More precisely, the Cabezas admitted to the charges in an information which charged only the two substantive offenses from the indictment. In exchange for the plea, the government agreed to dismiss the superseding indictment which included the two drug trafficking charges and the conspiracy charge.
Back in Illinois, on June 14, 1988, a judge of the Circuit Court of Cook County ordered the court clerk to turn over the bail money, which came to $112,400, to Terry Sullivan. In December of the same year, the Sullivan firm filed a declaratory judgment action in the Northern District of Illinois to establish its right to the money.
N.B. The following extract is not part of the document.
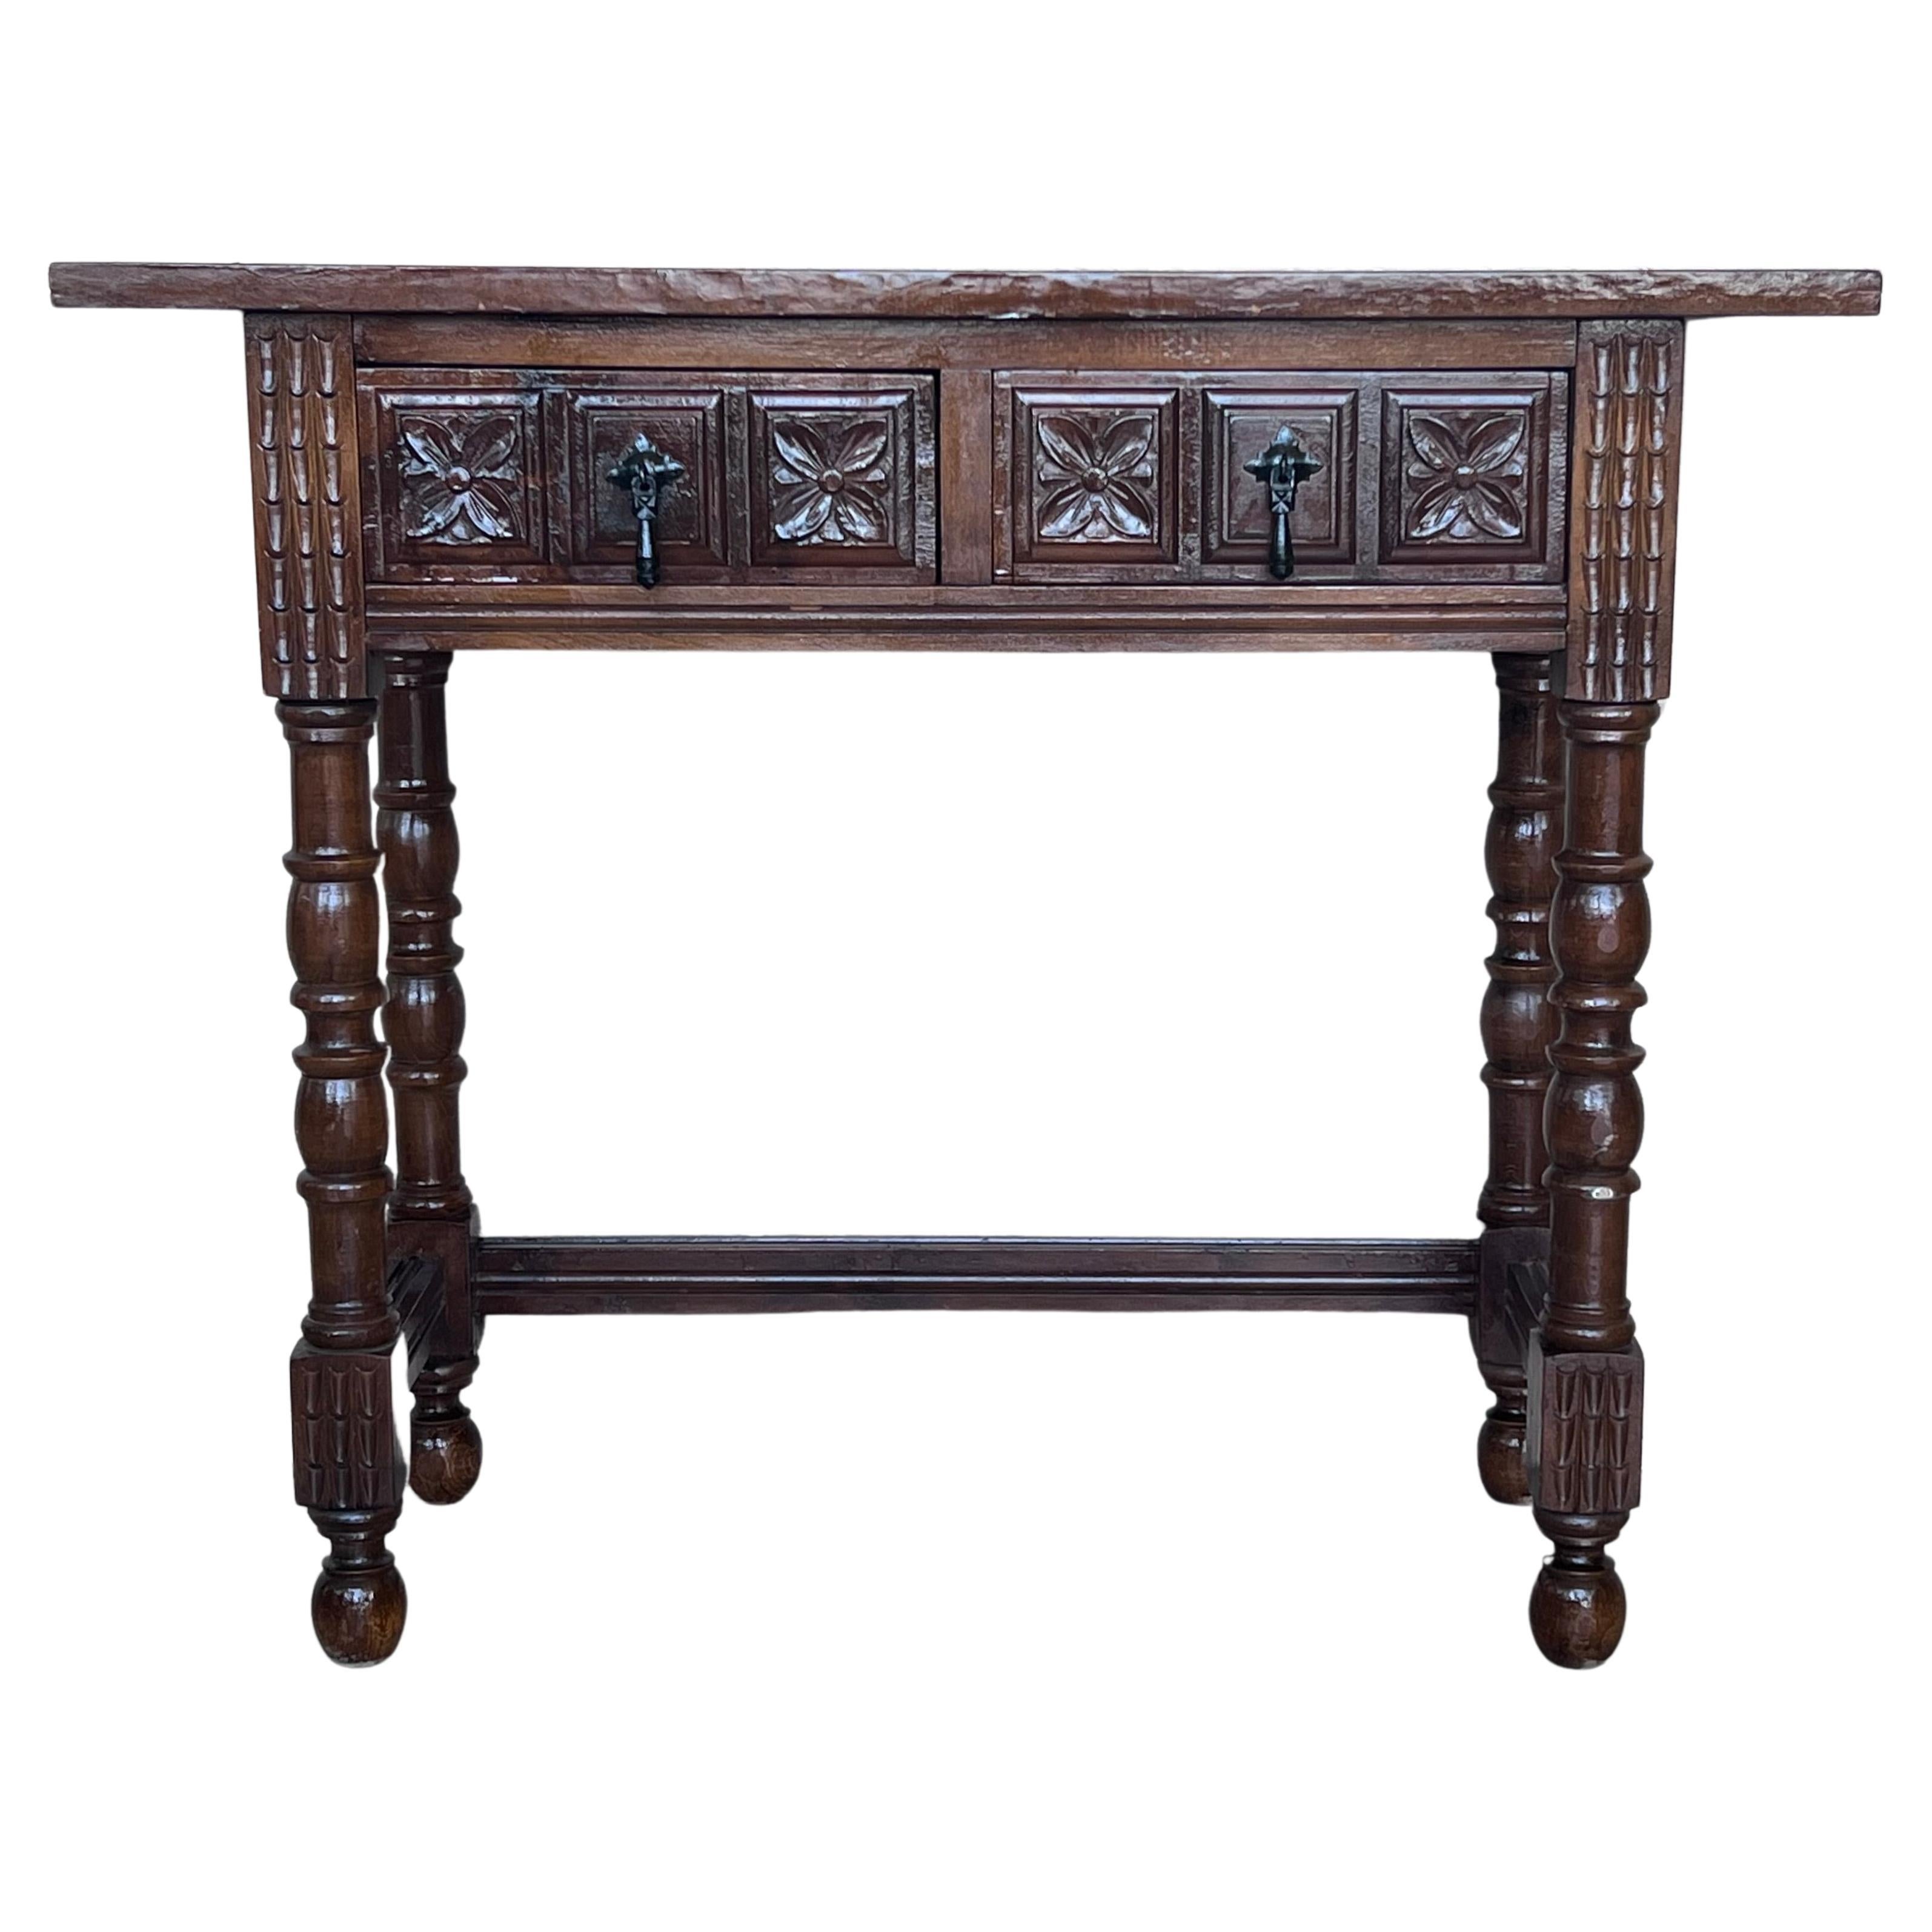 Early 20th Century Spanish Console Table with 2 Drawers and Turned Legs
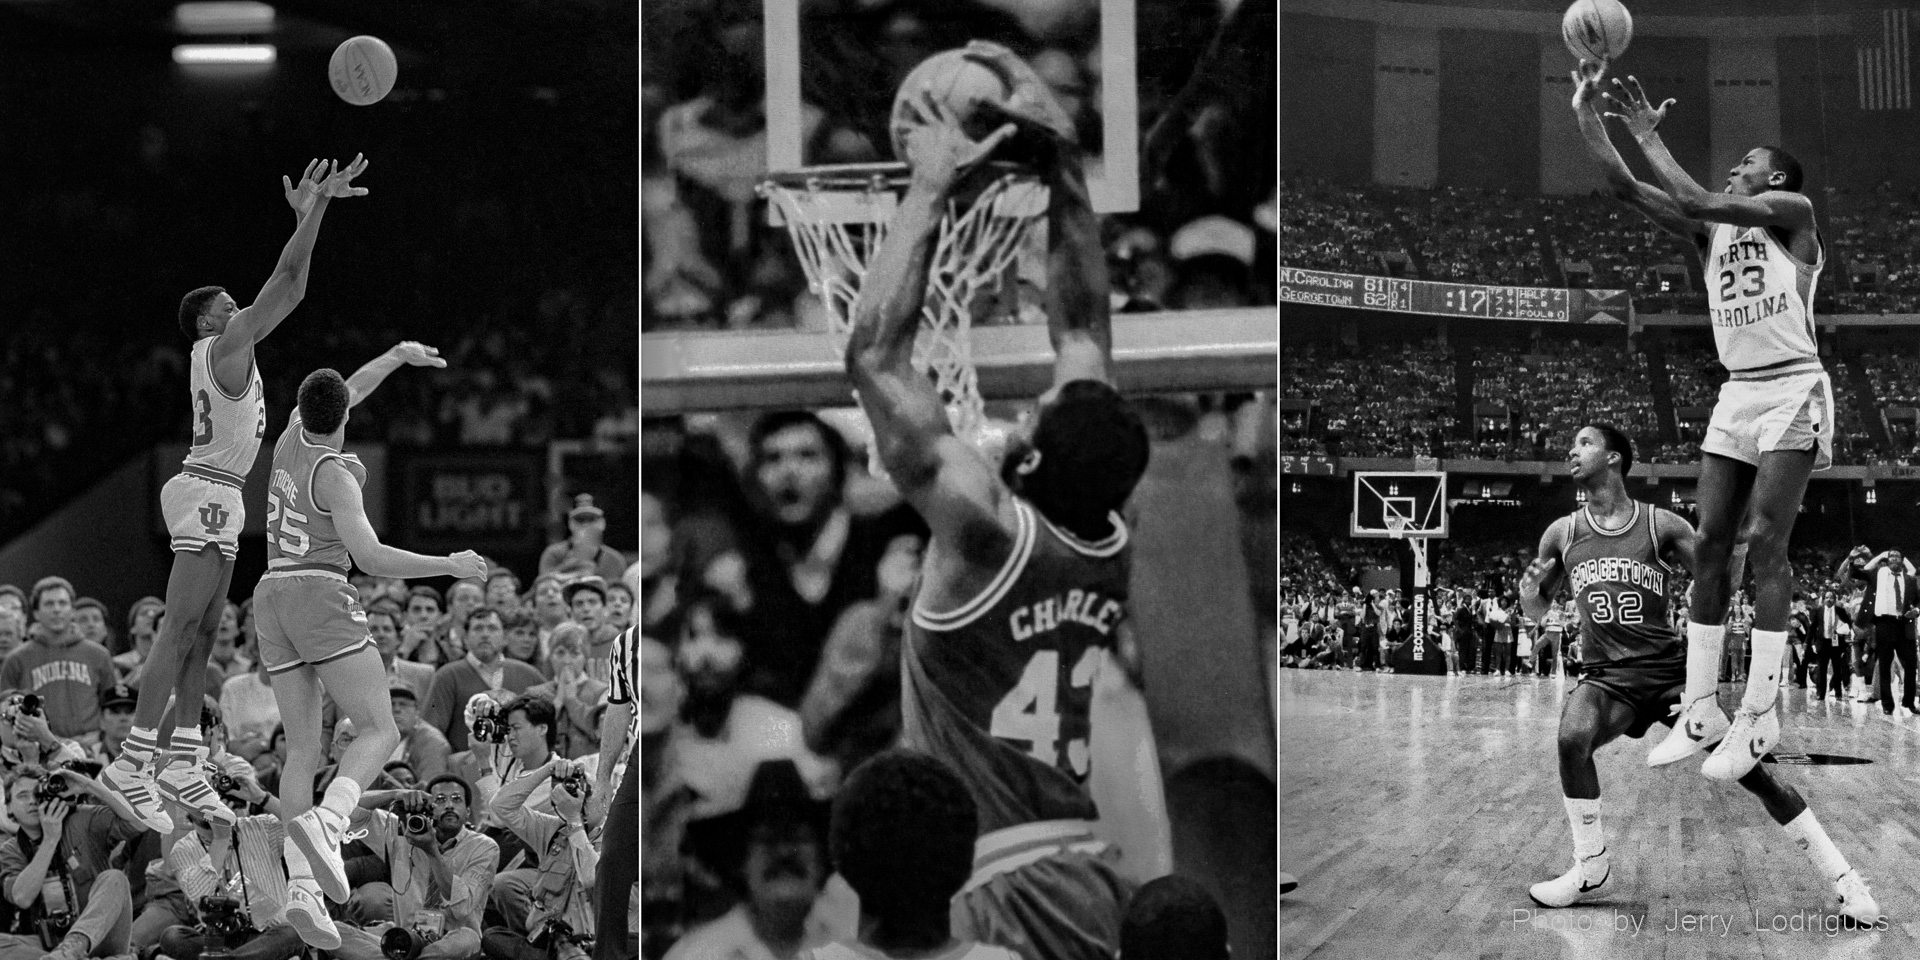 Left: Keith Smart hits the game-winning 16-foot jump shot from the left side with five seconds remaining to give Indiana a 74-73 victory over Syracuse in the NCAA men's basketball championship game in New Orleans on March 30, 1987. <br /><br />Center: North Carolina State's Lorenzo Charles dunks the ball at the buzzer to beat Houston 54-52 to win the NCAA Men's basketball tournament national championship. Charles grabbed an errant 30-foot desperation shot by Dereck Whittenburg which missed the rim and put it in to win it for the Wofpack in Albuquerque, New Mexico on April 4, 1983<br /><br />Right: With 17 seconds left, Michael Jordan hits the game-winning jump shot to beat Georgetown 63-62 and claim the 1982 NCAA basketball national championship for North Carolina in New Orleans on March 29, 1982.

At the request of the government, the action was transferred to the Eastern District of Wisconsin. Although Judge Curran had entered a final forfeiture order in September 1988 granting the government title to the bond funds new in the hands of Sullivan, the government neither received them nor took any action until June 5, 1989 when it filed a petition to show cause why Sullivan should not deliver the money to the United States Marshal.
Ten percent of the money originally filed is retained by the circuit court for "bail bond costs." Ill.Rev.Stat. ch. 38, para. 110-7(f) (West Supp. 1990).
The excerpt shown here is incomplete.